Nice; changed it to that :)
Not the workplace advice I was expecting today, but if you insist.
Heh, was intentional ;)
No you fool, this is how we got SOLID! Do you want another SOLID on your hands?!
Not kidding, here’s the original Usenet posting of someone doing the same thing.
Anyway I have no actual commandments, just that fun historical tidbit
Honestly, yeah, that post sounds like the exact sort of enterprise-y nonsense that gets you over-OO code that can be operated and modified about as smoothly as a palette of bricks working their way through a whale’s digestive tract.
I dunno about 10, but here’s one:
Functional in the streets, imperative in the sheets?
Edit: I’m sorry. I heard fun thread and two comments in I’ve got one theme…
While I agree a function or procedure can be as long as it needs to be, the key concept is “one thing” there. Anything more than N lines long is surely doing several things. Of course the intern level
Refactor is bad because this one still does two things even though it is shorter.
[Comment removed by author]
Okay, here’s a prime example. Here’s a function I wrote that is 450 lines of C code. It does one thing, which is parse a string like “2008/08/12.2” or “2008/02/15.2-03/11/8.2” into a structure that represents the requested range (in the former, it returns a start and end point that are equal). Breaking it apart into arbitrary portions just to appease the “short function cult” would make it harder to understand than it does now.
Here’s another function I wrote that is over 2,000 lines of C code. This is a large switch statement that processes MC6809 opcodes in an emulator. Yes, I could have written each case as a separate function, but I feel that would be way too much overhead (both in typing and execution). Or I could have worked more of the symmetry of the opcodes, but … eh. If there’s a problem, I can look up the value of the opcode and there is the code, I don’t have to track it down.
What I find silly are those of the “short function cult” (like Ron Jefferies) who think a 10 line function is “OH MY GOD SCARILY LONG!” Yeah, good luck finding names for everything. And then trying to find the two lines that do actual work.
Obviously no 2000 line procedure does only one thing, but I agree there is scale. More than 10 lines of ruby or haskell is a lot of code, but 10 lines of C can barely do anything and 100 might not even be crazy for some tasks (in C).
Like I said, the point is the do one thing. And breaking into “steps” is always worse, as you say, because the caller still does too much. Something like that needs a different design not just a bunch of shorter procedures “in a row”.

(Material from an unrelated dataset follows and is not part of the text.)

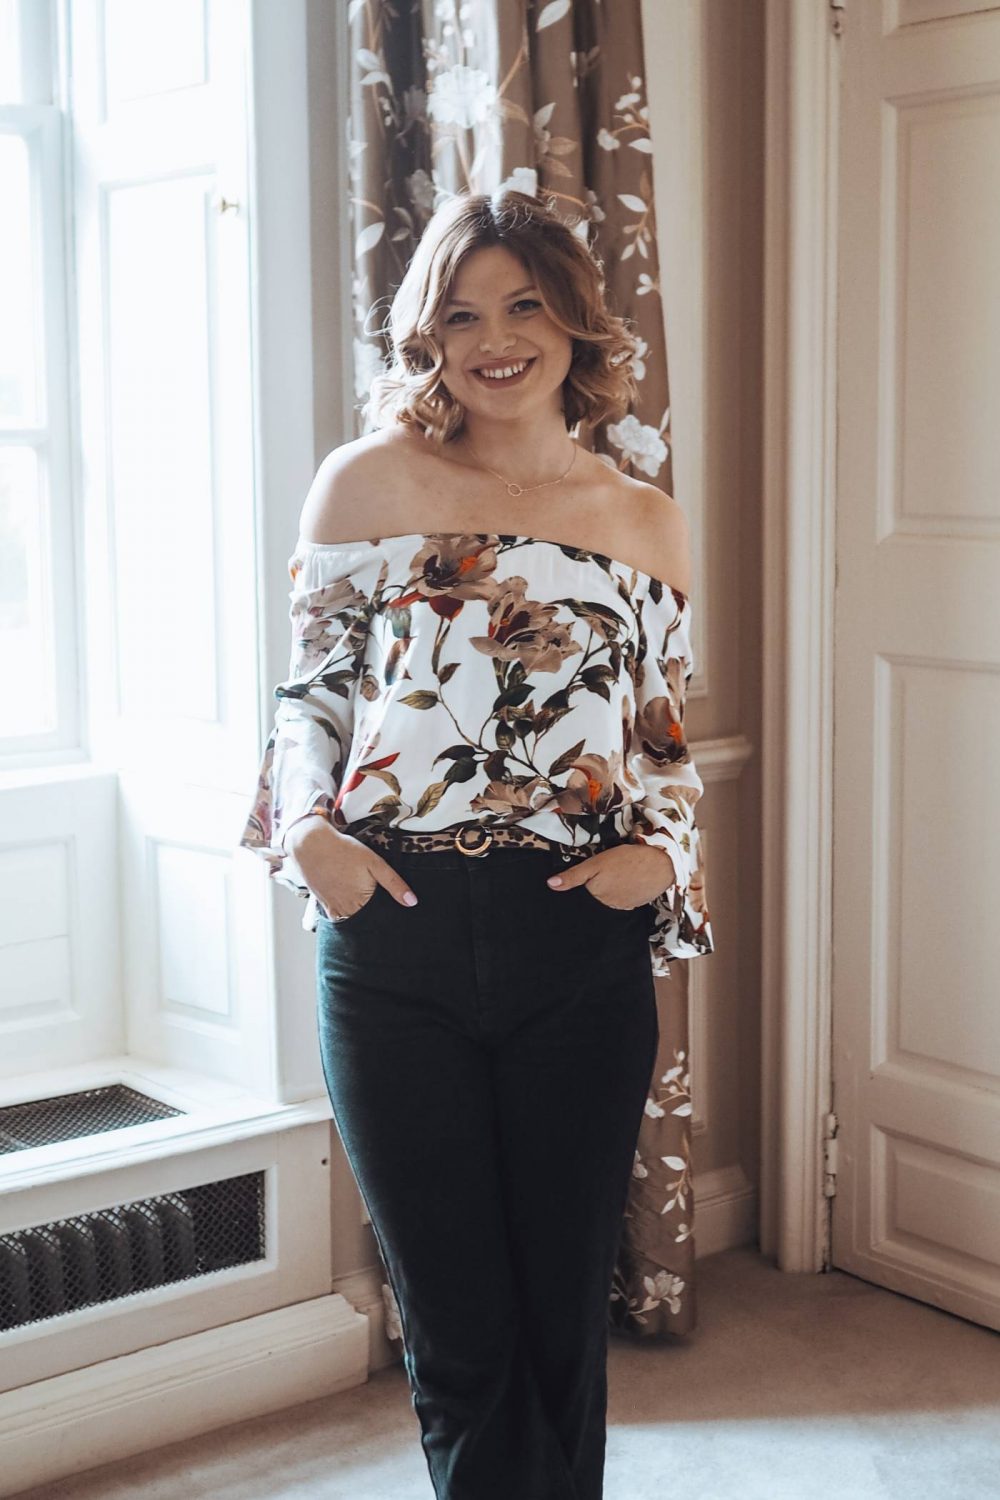 Sophie wearing a floral off the shoulder blouse in her room at Chicheley Hall

Yes, that 2,000 line procedure does one thing—it runs a single MC6809 instruction. Granted, each instruction does something different, but who cares, the
mc6809_step()
function steps one instruction.To your Ruby/Haskell point, here’s a Lua function that is 90 lines long that does (in my opinion) one thing—serve up a file (the codebase is a Gopher server). Internally, it does up to four things—descend the file system one directory at a time; if the final object is a file, display it; if it’s a directory, locate a specific file and display that; otherwise, build an index file on the fly. On the outside, it does one thing; on the inside four. Is it doing “too much?” How would you break it up so it only does “one thing” if you think it’s doing too much?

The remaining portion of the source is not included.